レムケ環境相は狼の駆除には絶対反対で、自然保護団体ももちろん反対。狼との共存こそが自然のあるべき姿と信じており、射殺などあり得ない。それどころかPetaの提案する解決法は、「ヴィーガンの食生活」だった。
ヴィーガンというのは、動物に関するものは、肉も魚も卵も牛乳もチーズもすべてNGで、革靴もウールのセーターも着ない。つまりPetaによれば、問題は狼でも羊でもなく、私たちが肉やチーズを食べることなのだ。こういう思想の持ち主と、ドイツの環境相は心を分かち合っている。
■環境相が出した駆除の“トンデモ条件”とは
11月28日、ニーダーザクセン州(図表1の地図の表記ではNI)のククスハーフェンで、2018年よりボランティアで、狼の生態を調査し、畜産農家のアドバイスをしていたクリスティアン・カットという人が、政府の環境保護政策に抗議して、職を退いた。ククスハーフェンでも、約10年前から狼が出没するようになっており、最近、家畜の被害が急激に増えていた。
氏が辞職に際して認めた文書には、政府に対する不満が満載だ。「美しい田園風景の中で働く人々と、その家畜を支えるために、政府は態度を明確にする必要があった」。しかし、「私がこの課題に取り組んでいた5年半の間、政府は何一つ持続的なことはしなかった」。
もっとも、氏の辞職の直接のきっかけは、10月になってレムケ環境相が持ち出した「狼の殺処分」だったようだ。というのもレムケ氏は、6月の協議の評判が悪かったためか、狼の射殺を例外的に認めるための条件を提示した。ところが、これでカット氏は、ついにぶちぎれたらしい。
どんな条件だったかというと、狼が羊を殺したことがわかれば、その後、21日の間に、その狼を射殺することが許される。その場合、これまでのように、その狼が本当に羊を殺した犯人であるというDNAの証明は不要になる。ただし、射殺場所は、狼が羊を殺した現場から1000m以内に限られる。
■猟師は放牧地を一晩中見張らなければならない?
カット氏は書く。「どの猟師が“犯行現場”である広大な放牧地を見張り続けるというのだ。しかも、狼が戻ってくるのは必ず夜で、猟師は月の光が必要となる。その他のところを探すとしたら、今度は1000mというのが足枷だ」。要するに実行不能であり、「これで住民を宥(なだ)められると思っているのか」と激しく非難している。
カット氏によれば、近い将来、狼の駆除は避けられないことは周知の事実だ。だからこそ、急激な増殖を防ぐため、他の野生動物の駆除と同じく、幼獣を殺さなければならない。そして、その上で、狼の行動に変化が現れるか、現在のような無遠慮な行動にブレーキがかかるかなどを観察しながら、最終的に受容可能な頭数を定め、計画的に駆除しなければならない。
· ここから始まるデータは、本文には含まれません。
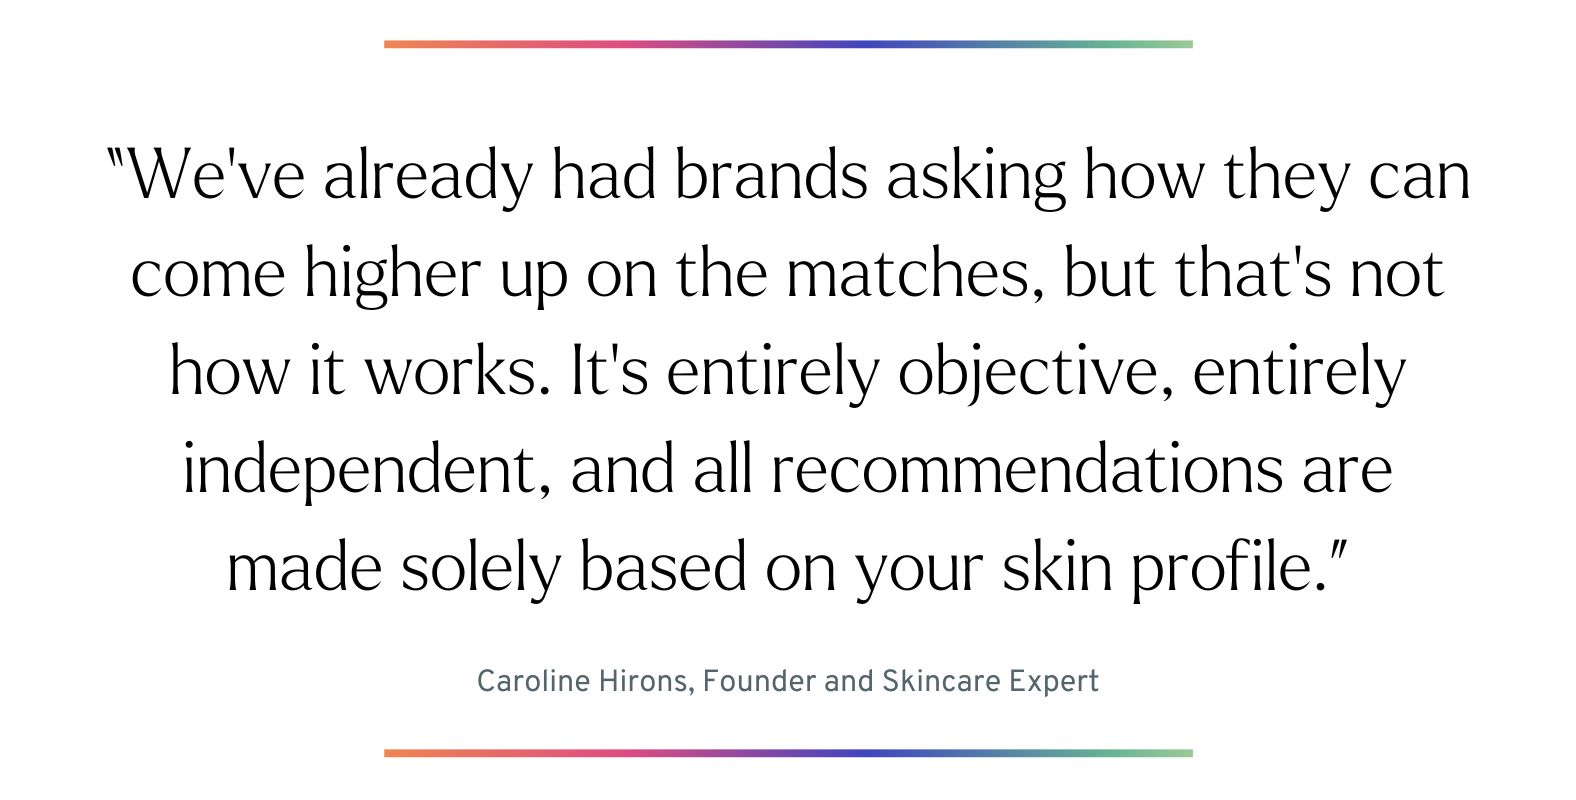 Quote: “We’ve already had brands asking how they can come higher up on the matches, but that’s not how it works. It’s entirely objective, entirely independent, and all recommendations are made solely based on your skin profile.” - Caroline Hirons, Founder and Skincare Expert

とにかく、それを一刻も早く始めることが重要で、「それ以外はすべて無意味で、実行する意味がない」とカット氏。実は、森を散策していたら狼が異常に接近してきたとか、森で乗馬をしていたら、ずっと付いてきたというような怖い話も、すでにある。
ただ、環境省の見解は天と地ほどかけ離れている。再びホームページからの引用。
「現在、狼はドイツの一部で再び見られるようになったとはいえ、絶滅危惧種であることに変わりはない。目標は、狼の良好な保護状態を達成することである」
■次は人間の子供が殺されるのではないか
環境省によれば、若い狼は時に好奇心旺盛な行動をとることもあるが、通常、健康な狼は人間に警戒心を示し、攻撃的になることはない。しかも、もし、狼が人間に対して目立つ行動をとったり、十分に保護された家畜を何度も捕食したりした場合には、現在の法律は、その個体の排除を許しているので、問題はないとのこと。しかし、それが難しいから、今、皆が困っているのだ。
また環境省は、ヨーロッパ全体で狼の駆除が禁じられていると強調しているが、オーストリアもスイスも、放牧の家畜を守るため、一定の駆除を許可している。だから狼は国境を越えて、パラダイス“ドイツ”にやって来るのではないか。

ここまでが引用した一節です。